July 27, 2023

Great Companies Deserve Great Boards by Beverly A. Behan

The Big Idea: New CEOs should take the time to learn about corporate governance.

Consider subscribing to “Directors & Boards”, “Agenda”, “Directorship”, or “Corporate Board Member”.

Terminology for the new CEO

  1. Nonexecutive Chair: a chair who is an outside, independent board member
  2. Executive Chair: lacks the independence from management, is sometimes the company’s outgoing CEO
  3. Lead Director: outside, independent board member, chairs executive sessions, liaison between CEO and directors
  4. Executive Sessions: required by SEC of public companies, board meets without CEO

Eight components of a high performing board

  1. Board Composition: most important but not the only component
  2. Board Leadership: chair needs to run an effective meeting, know who/when to call on members for balanced input
  3. Board Information: don’t overlook the importance of well-organized board packets
  4. Board Dynamics: meetings should be positive, productive, candid, vibrant, respectful
  5. Board Agendas and Meetings: balance presentation and discussion 50/50, focus the agenda
  6. Board<>Management Dynamics: candor and mutual respect, thought partner > audience
  7. Board Committees: chair needs to run these meetings well, needs support from company executives
  8. Board Processes: discussion of strategy, risk, succession planning

Traits of a high performing board:

  1. CEO believes that board adds value (and can provide specifics).
  2. Individual board members believe they add value (and can provide specifics).
  3. Individual board members are always looking to improve.
  4. Board meetings are open and vibrant.
  5. Company achieves good results — financially, operationally, and strategically.
  6. A great board should steer a company towards positive performance and value for shareholders. 

Board/CEO dynamics to avoid:

  1. Imperial (CEO runs the company, board is filled with old buddies)
  2. Entrenched (board maintains the status quo and resists change)
  3. Hostile (no trust in either direction)

CEOs should not hesitate to discuss an emergency CEO succession plan, aka the hit-by-a-bus scenario.

CEOs should engage the board early in the strategy process, instead of presenting the final strategy in the board meeting.

Outside directors cannot engage effectively if they lack information.

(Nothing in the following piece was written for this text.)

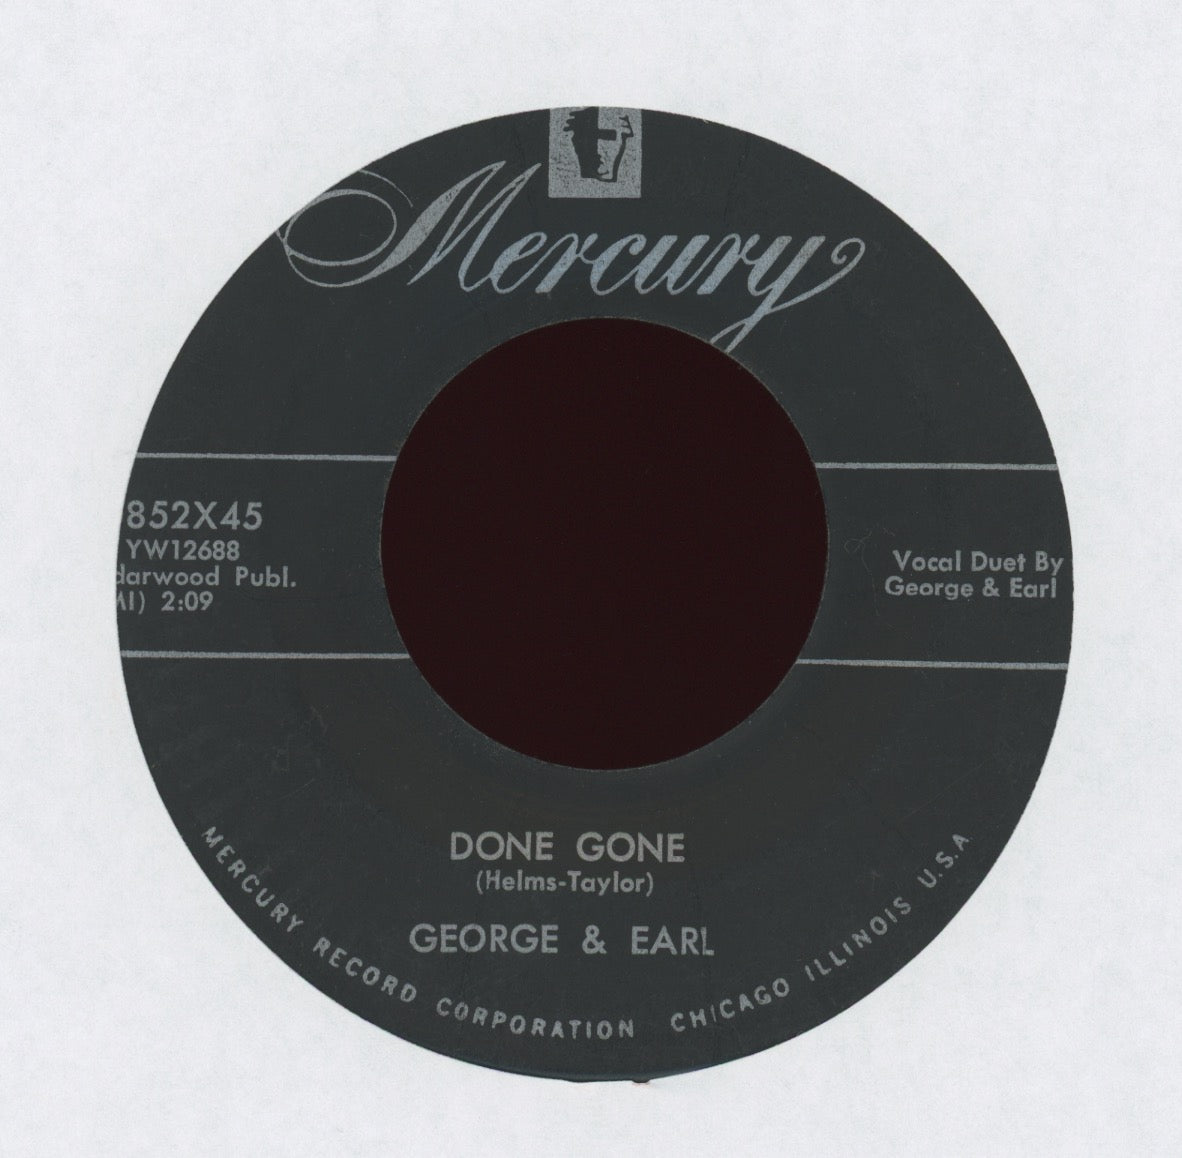 George & Earl - Done Gone on Mercury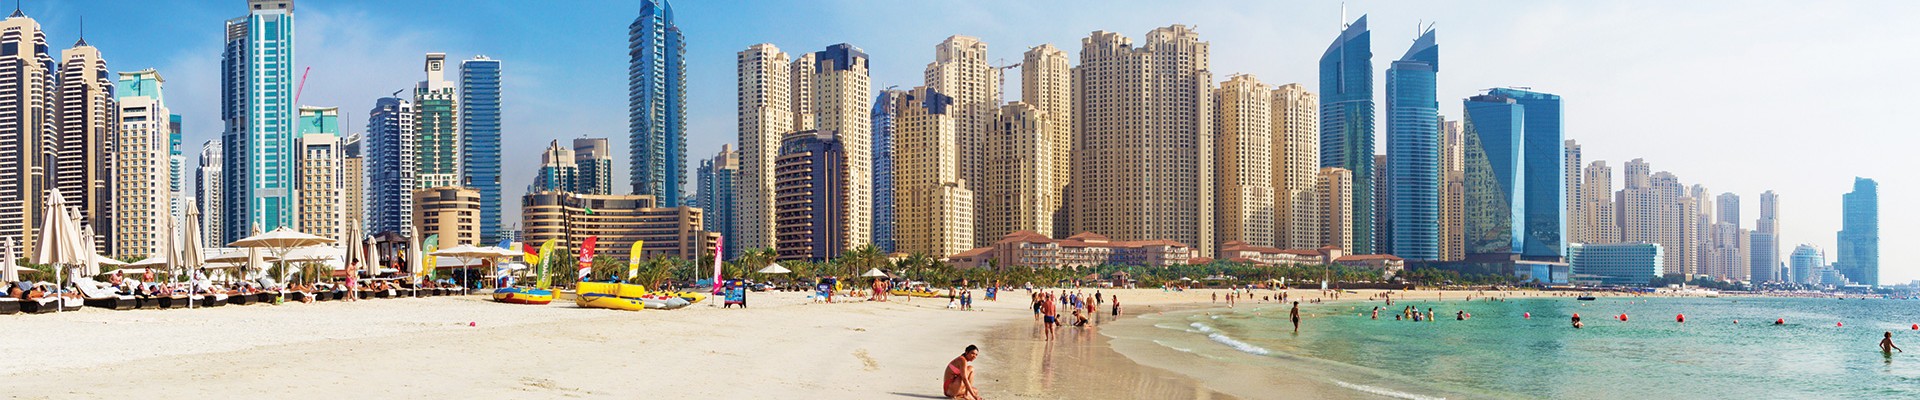 5* JA Ocean View Hotel - Dubai Package (5 nights)

Find the gaps and help fill them.

SEC requires three committees for public companies:

  1. Audit Committee: financial audit, risk oversight, financial controls.
  2. Compensation: sets compensation for CEO and for board members.
  3. Nominating/Governance Committee: board composition, recruitment, orientation, evaluation, exit.

Not required but common committees:

  1. Strategy Committee
  2. Finance Committee

Not as common committees:

  1. Executive committees were more popular a decade ago. Useful in quick response crisis situations.

Recruit before you shoot: focus energy on expanding the board before expending energy pruning the board.

Avoid the trap of naming an individual during board expansion. Keep focused on skills and experience.

If you need to get rid of a boardroom bully or a constant contrarian, it’s the job of the Lead Director (or the Nonexecutive Chair) not the job of the CEO.

Director peer reviews are the preferred way to evaluate director performance. They are conducted with discretion by the Lead Director (or the Nonexecutive Chair).

Common pitfalls for CEOs to watch out for:

  1. A failure to understand and address all eight components (above.)
  2. Asking for greater openness between the board and the CEO but responding in a way that is defensive or critical. Cuts both ways.
  3. Delegation of board changes that require leadership from the CEO. Eg. Board packets, board agendas.

Common trust-breakers

  1. The Garden of Eden: everything is presented as positive and wonderful.
  2. Only One Solution: only one solution presented or considered.
  3. Heard It Through The Grapevine: directors should never learn about an important development by reading it in the morning newspaper.
  4. Let Them Eat Cake: outwardly dismissive and disrespectful towards board members.